Thursday, April 5, 2012

Gleanings in the Godhead - 1. The Solitariness of God


by A.W. Pink

Revised: February 14, 2005

Part 1: Excellencies Which
Pertain to the Godhead as God


1. The Solitariness of God


Perhaps The Title of the chapter is not sufficiently explicit to indicate its theme. This is partly because so few are accustomed to meditate upon the personal perfections of God. Comparatively few who occasionally read the Bible are aware of the awe-inspiring and worship-provoking grandeur of the divine character. That God is great in wisdom, wondrous in power, yet full of mercy is assumed by many as common knowledge. But to entertain anything approaching an adequate conception of His being, nature, and attributes, as revealed in the Scripture, is something which very few people in these degenerate times have done. God is solitary in His excellency. "Who is like unto Thee, O LORD, among the gods? who is like Thee, glorious in holiness, fearful in praises, doing wonders?" (Ex. 15:11).

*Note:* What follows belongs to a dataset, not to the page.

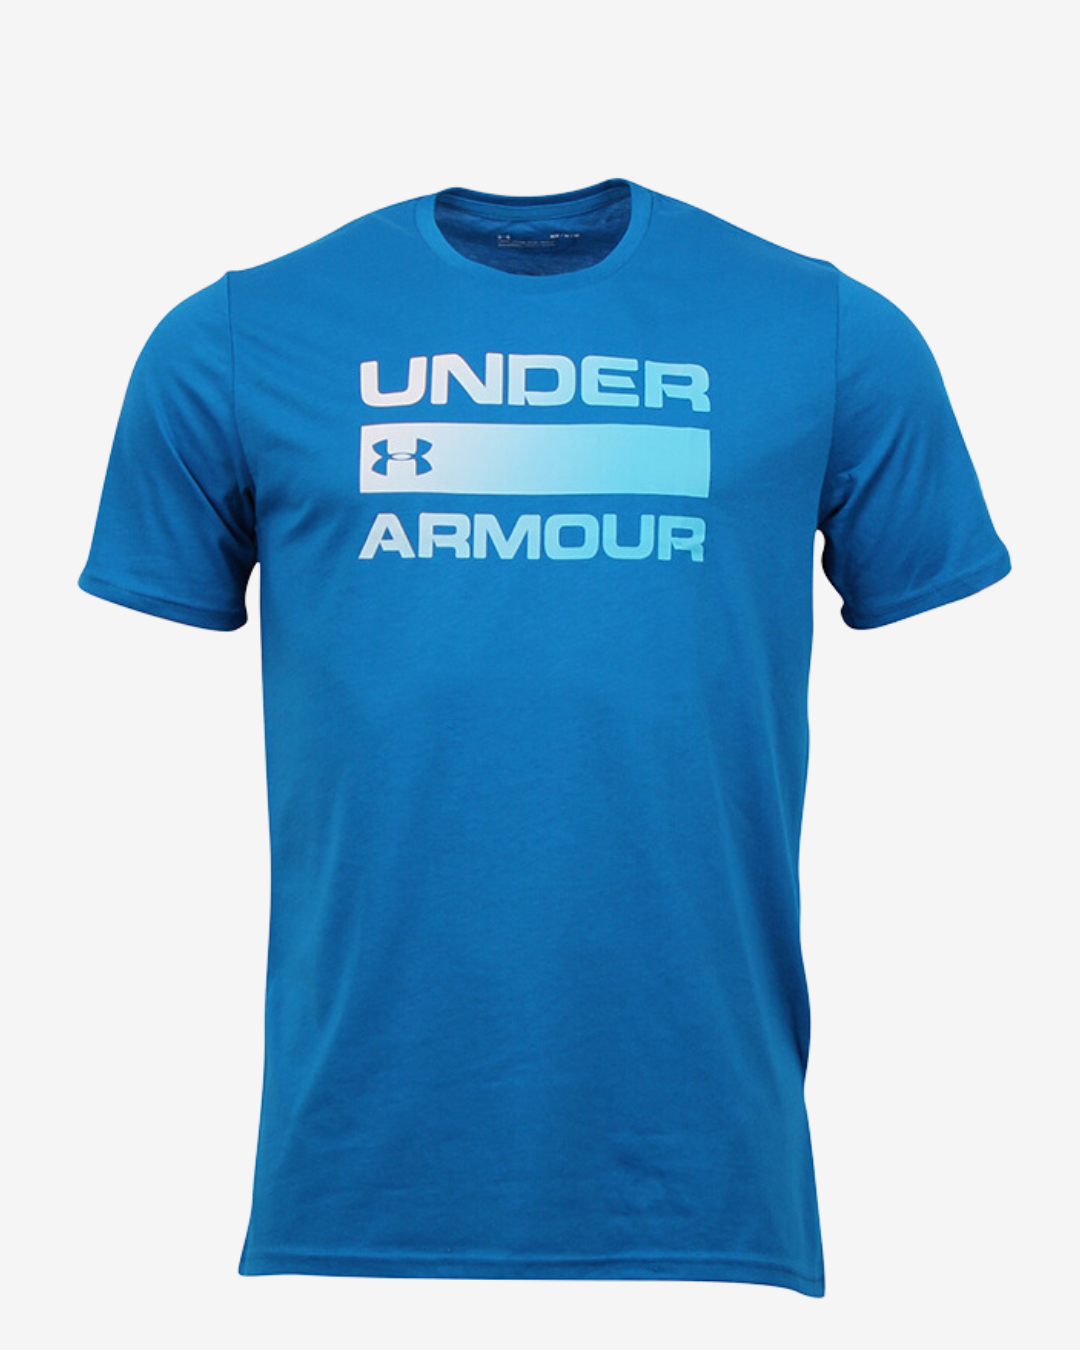 Billede af Under Armour Team issue wordmark t-shirt - Blå - Str. L - Modish.dk

"In the beginning, God" (Gen. 1:1). There was a time, if "time" it could be called, when God, in the unity of His nature (though subsisting equally in three persons), dwelt all alone. "In the beginning, God." There was no heaven, where His glory is now particularly manifested. There was no earth to engage His attention. There were no angels to sing His praises. There was no universe to be upheld by the word of His power. There was nothing, no one, but God; and that not for a day, a year, or an age, but "from everlasting." During a past eternity God was alone—self-contained, self-sufficient, in need of nothing. Had a universe, or angels, or humans been necessary to Him in any way, they also would have been called into existence from all eternity. Creating them when He did added nothing to God essentially. He changes not (Mal. 3:6), therefore His essential glory can be neither augmented nor diminished.

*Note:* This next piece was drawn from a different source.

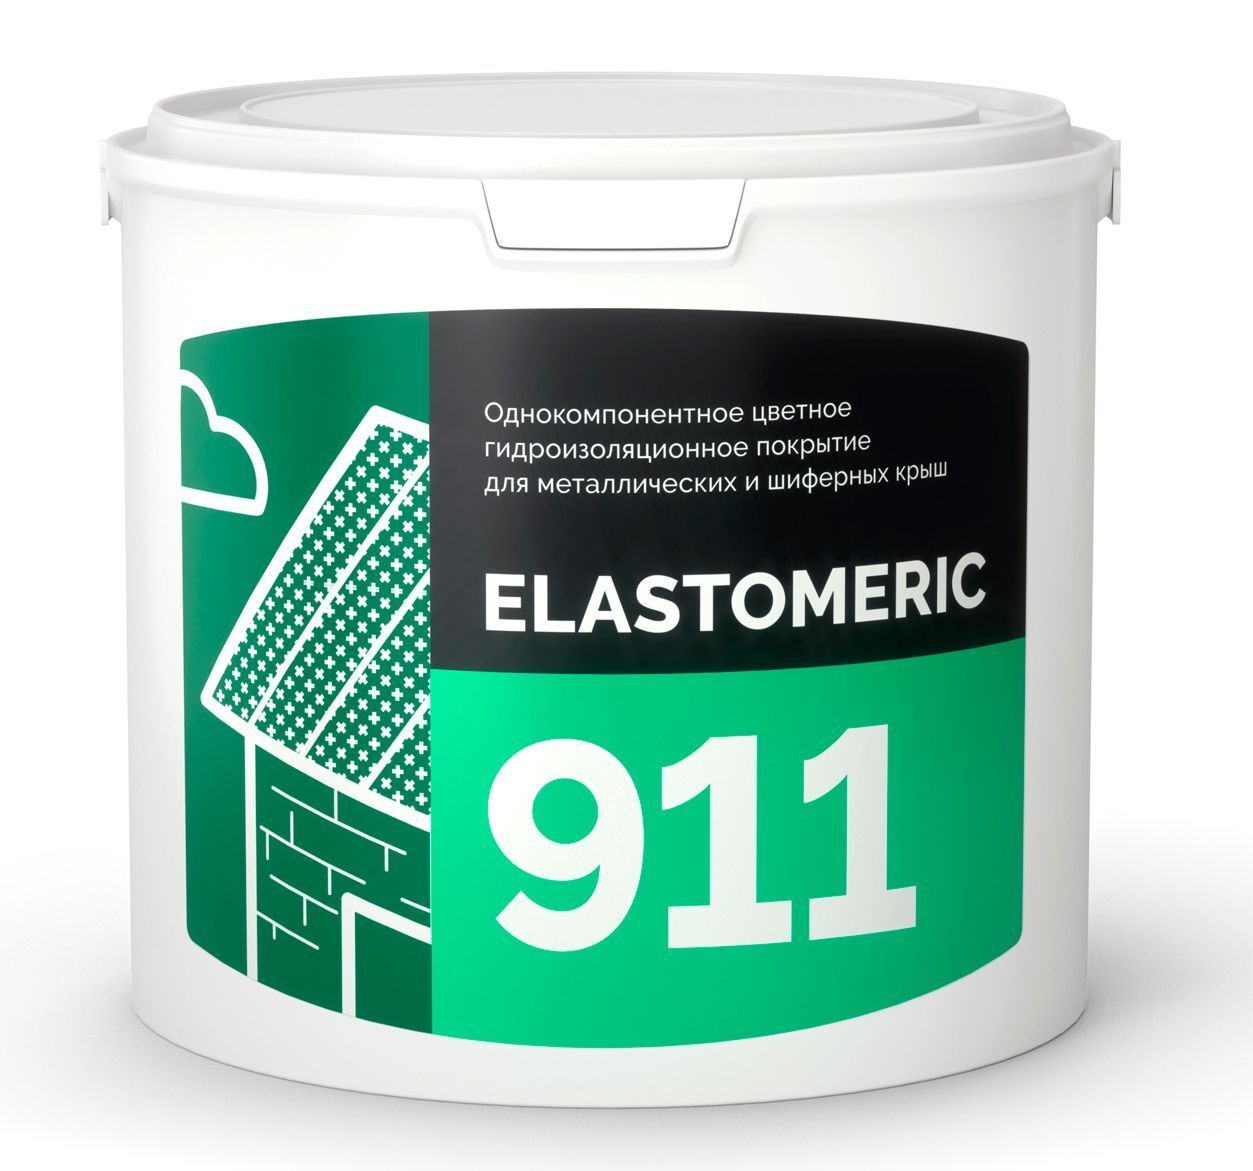 Гидроизоляция метллической и шиферной кровли - ELASTOMERIC 911 3 кг RAL 9003 сигнально-белый

God was under no constraint, no obligation, no necessity to create. That He chose to do so was purely a sovereign act on His part, caused by nothing outside Himself, determined by nothing but His own good pleasure; for He "worketh all things after the counsel of His own will" (Eph. 1:11). That He did create was simply for His manifestative glory. Do some of our readers imagine that we have gone beyond what Scripture warrants? Then we appeal to the Law and the testimony: "Stand up and bless the LORD, your God, for ever and ever; and blessed be thy glorious name, which is exalted above all blessing and praise" (Neh. 9:5). God is no gainer even from our worship. He was in no need of that external glory of His grace which arises from His redeemed, for He is glorious enough in Himself without that. What was it that moved Him to predestinate His elect to the praise of the glory of His grace? It was "according to the good pleasure of His will" (Eph. 1:5).